The following table presents our provision for income taxes: 
Year Ended December 31,
20212020
Deferred tax (benefit)$77,894 $(476,248)
Provision for income tax (benefit)$77,894 $(476,248)

The following is a reconciliation of our effective income tax rate as a percentage of pre-tax income to the U.S. federal statutory rate, for the years ended December 31, 2021 and 2020:
Year Ended December 31,
20212020
U.S. federal statutory income tax21.0 %21.0 %
REIT income not subject to federal income tax(21.4)%(24.6)%
State and local income taxes, net of federal tax benefit(0.2)%(1.6)%
Return to provision(0.1)%(0.8)%
Effective income tax rate(0.7)%(6.0)%

The differences between the Company's statutory rate and effective rate are largely determined by the amount of income subject to tax by the Company's TRS subsidiary. The Company expects that its future effective tax rate will be determined in a similar manner.

As of December 31, 2021 and 2020, the Company's net deferred tax assets were $1.3 million and $1.4 million, respectively, and are included in other assets in the Company's consolidated balance sheets. The Company believes it is more likely than not that the deferred tax assets will be realized in the future. Realization of the net deferred tax assets is dependent on our generation of sufficient taxable income in future years in appropriate tax jurisdictions to obtain benefit from the reversal of temporary difference. The amount of deferred tax assets considered realizable is subject to adjustment in future periods of future taxable income change.
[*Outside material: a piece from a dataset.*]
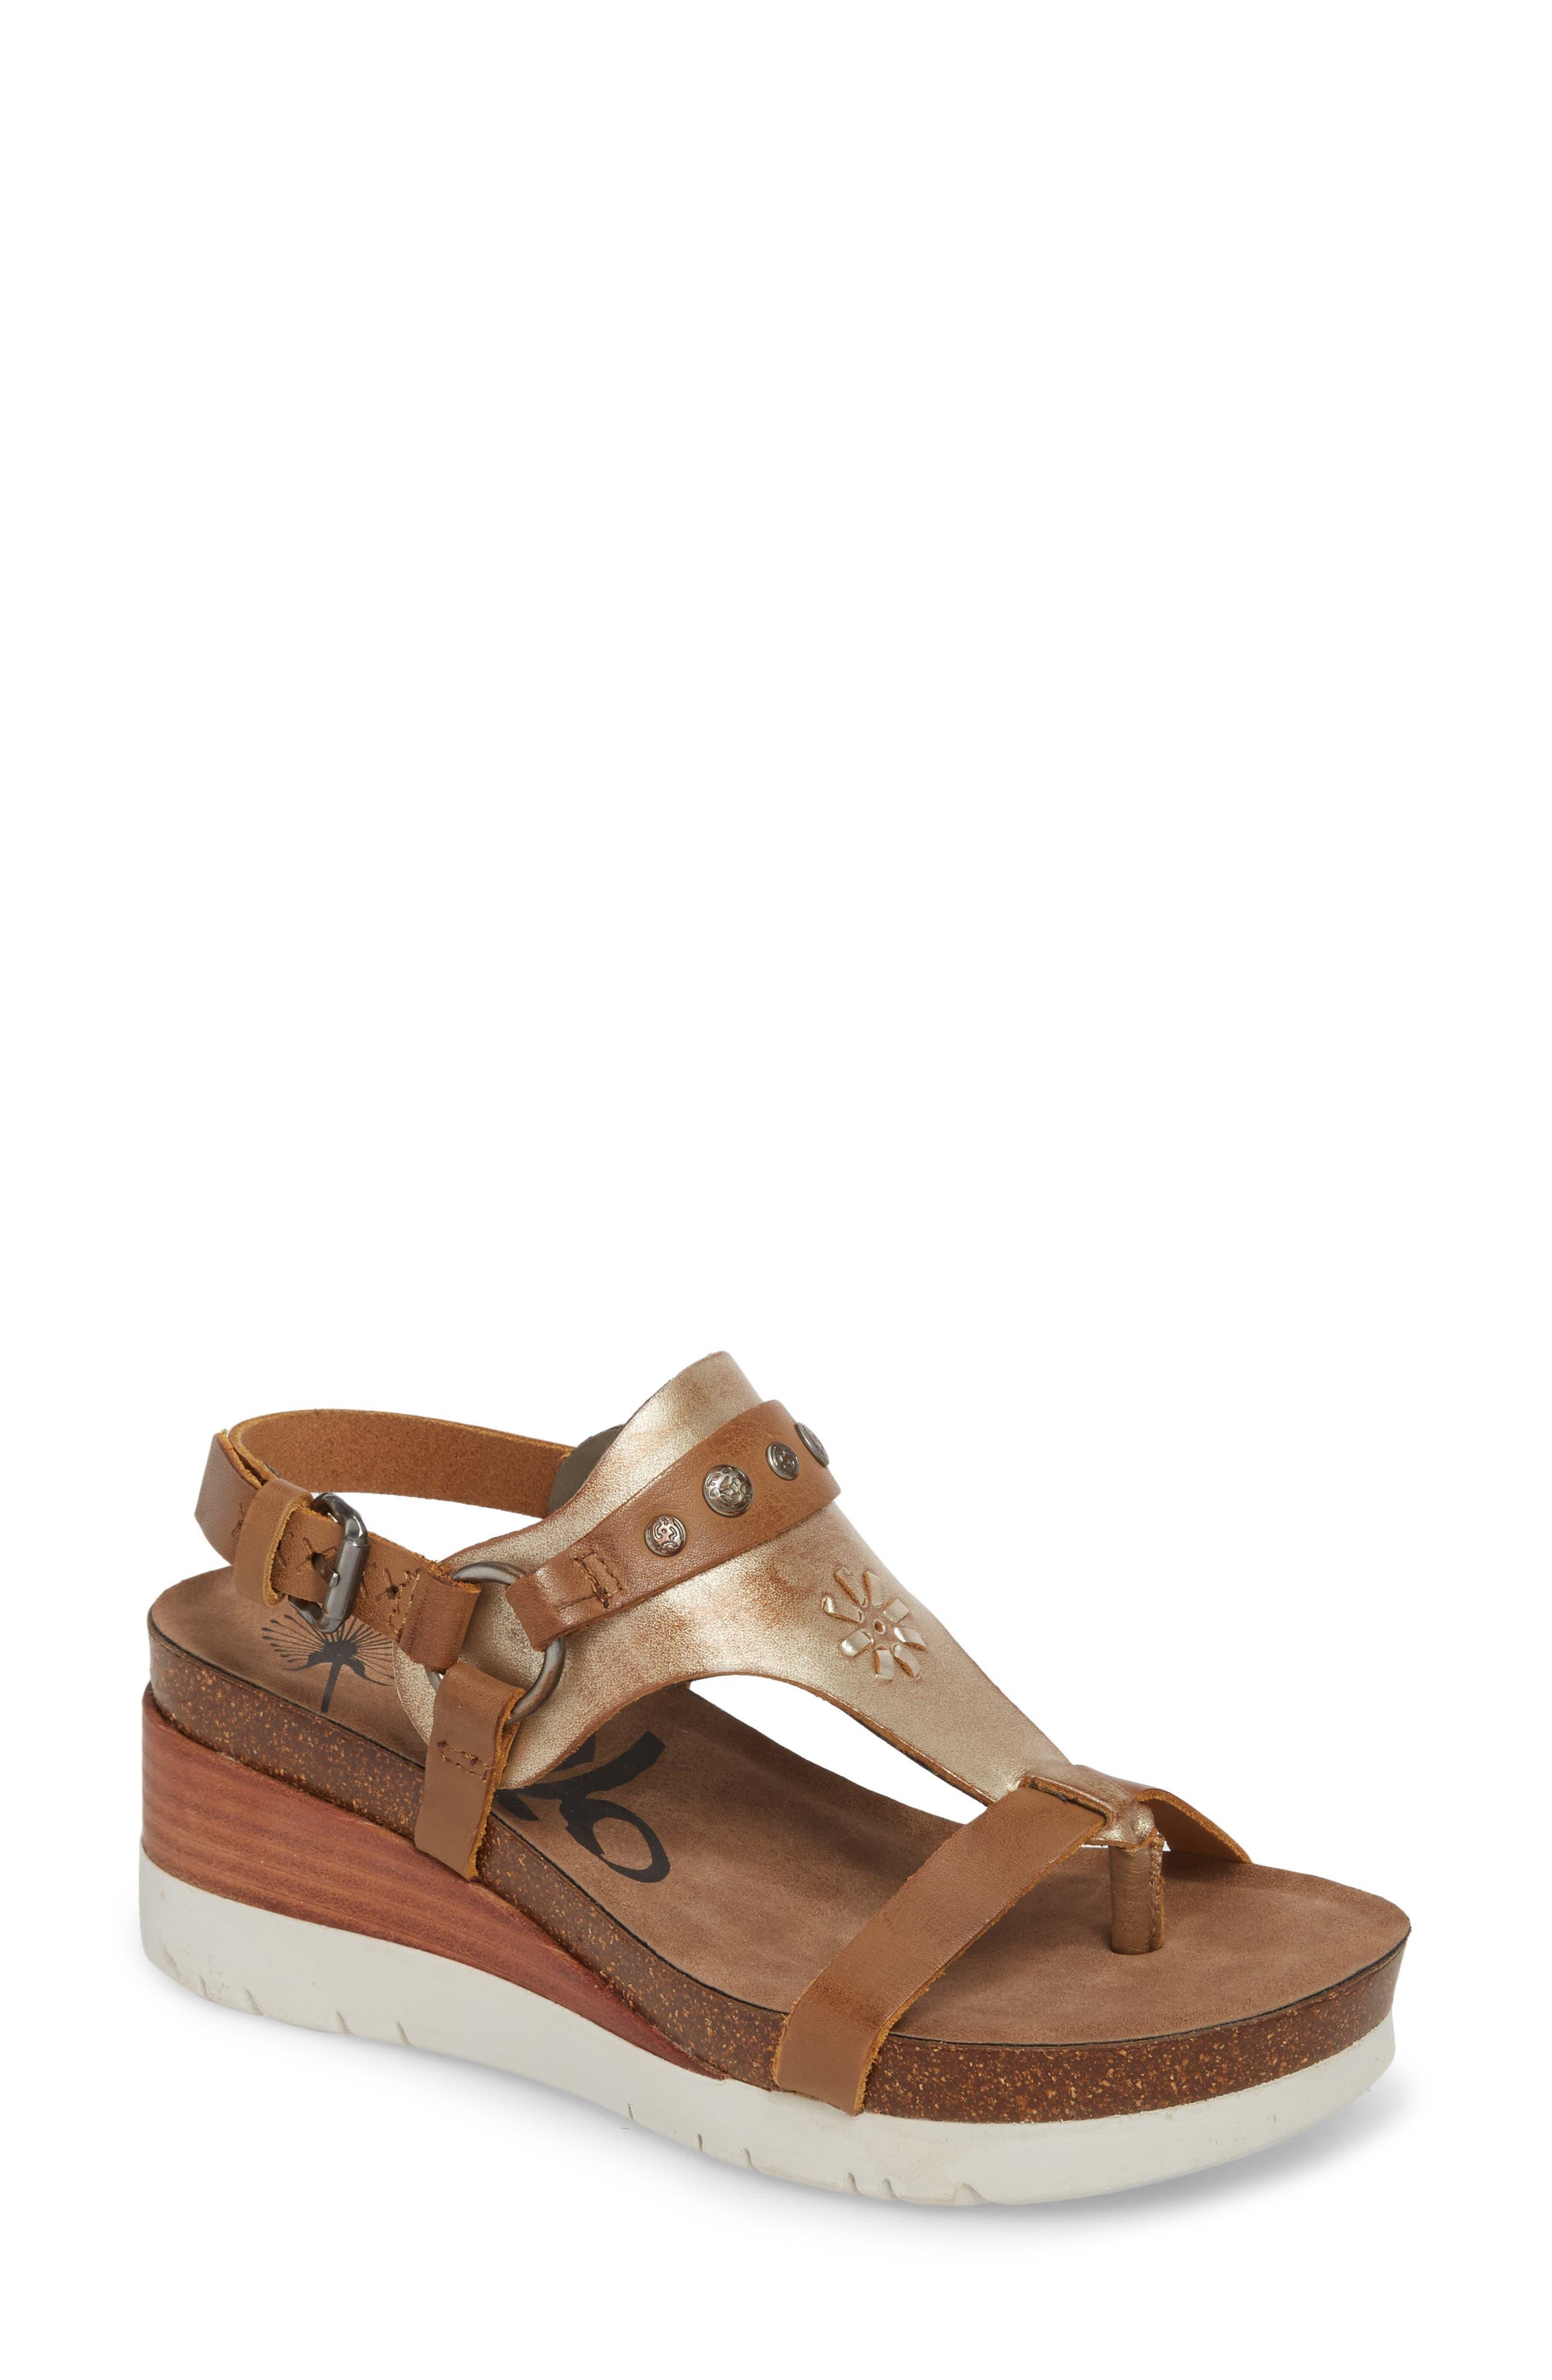 Women s Otbt Maverick Wedge Sandal E5118

The TRS has a deferred tax asset , comprised of the following:
 As of December 31, 2021As of December 31, 2020
Accumulated net operating losses of TRS$985,917 $993,683 
Mortgage servicing rights$261,440 $319,048 
Capitalized transaction costs$93,903 $106,423 
Net non-current deferred tax asset$1,341,260 $1,419,154 
 
At December 31, 2021, and 2020, the TRS had net operating loss carryforwards for federal income tax purposes of $3.2 million and $3.3 million, which are available to offset future taxable income and begin expiring in 2034.
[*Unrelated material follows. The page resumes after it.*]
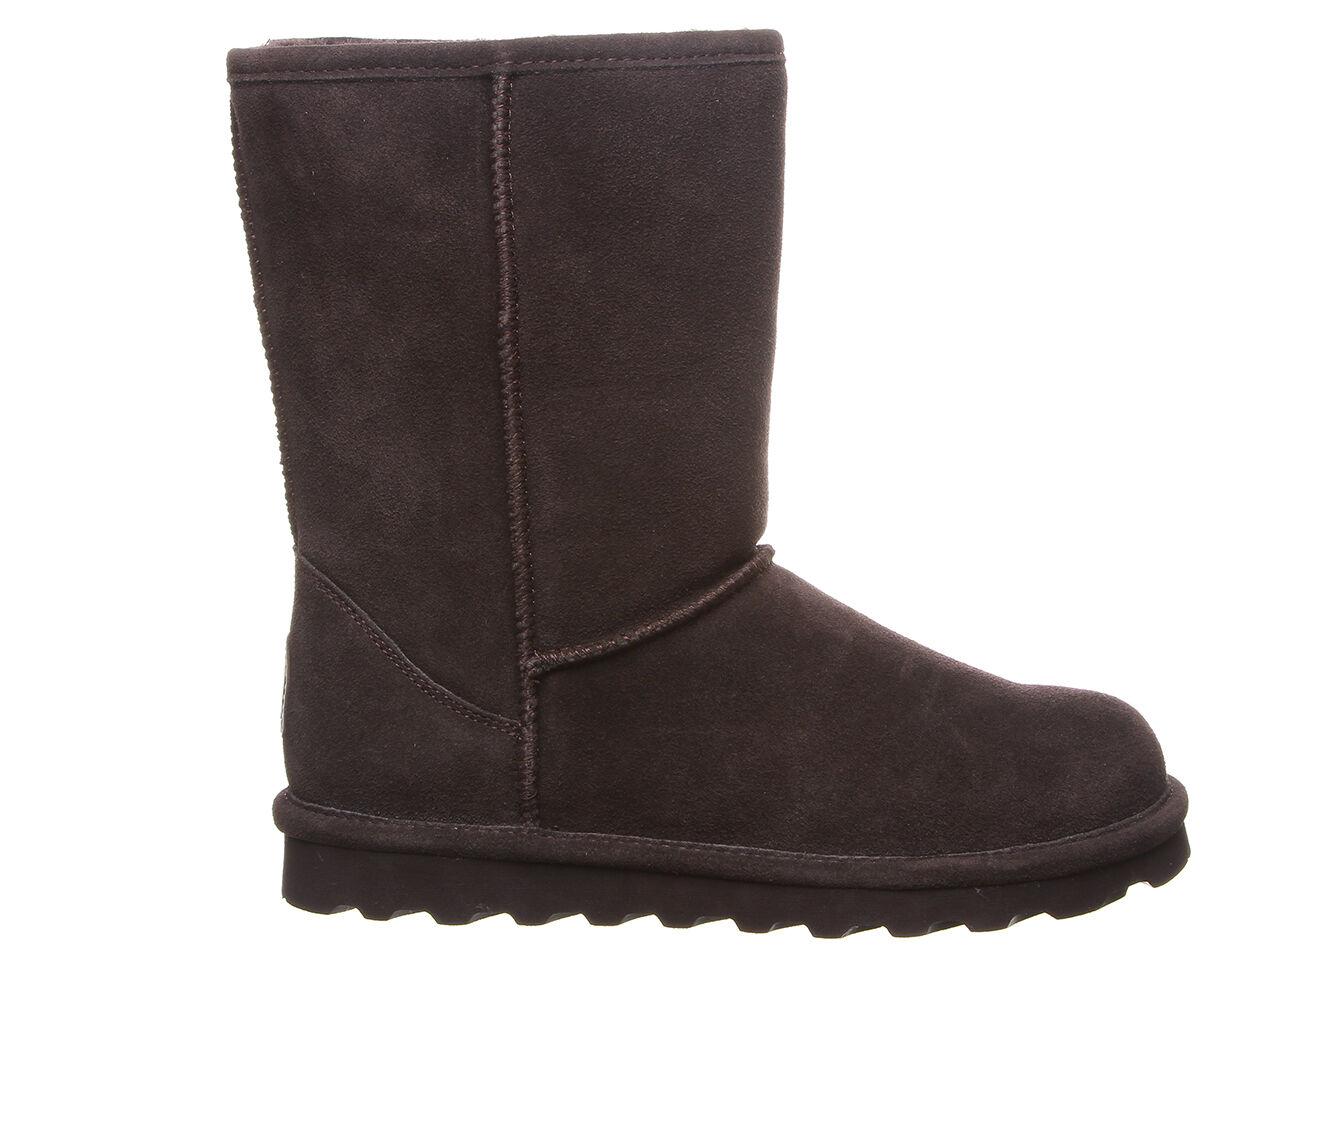 Women's Bearpaw Elle Short Wide Boots Chocolate

As of December 31, 2021, the Company has concluded that there are no material uncertain tax positions requiring recognition in the Company's consolidated financial statements. As of December 31, 2021, tax years 2018 through 2021 remain subject to examination by taxing authorities.

REIT Qualification
During tax years 2020 and 2021 the Company passed all the requisite ownership, asset and income tests.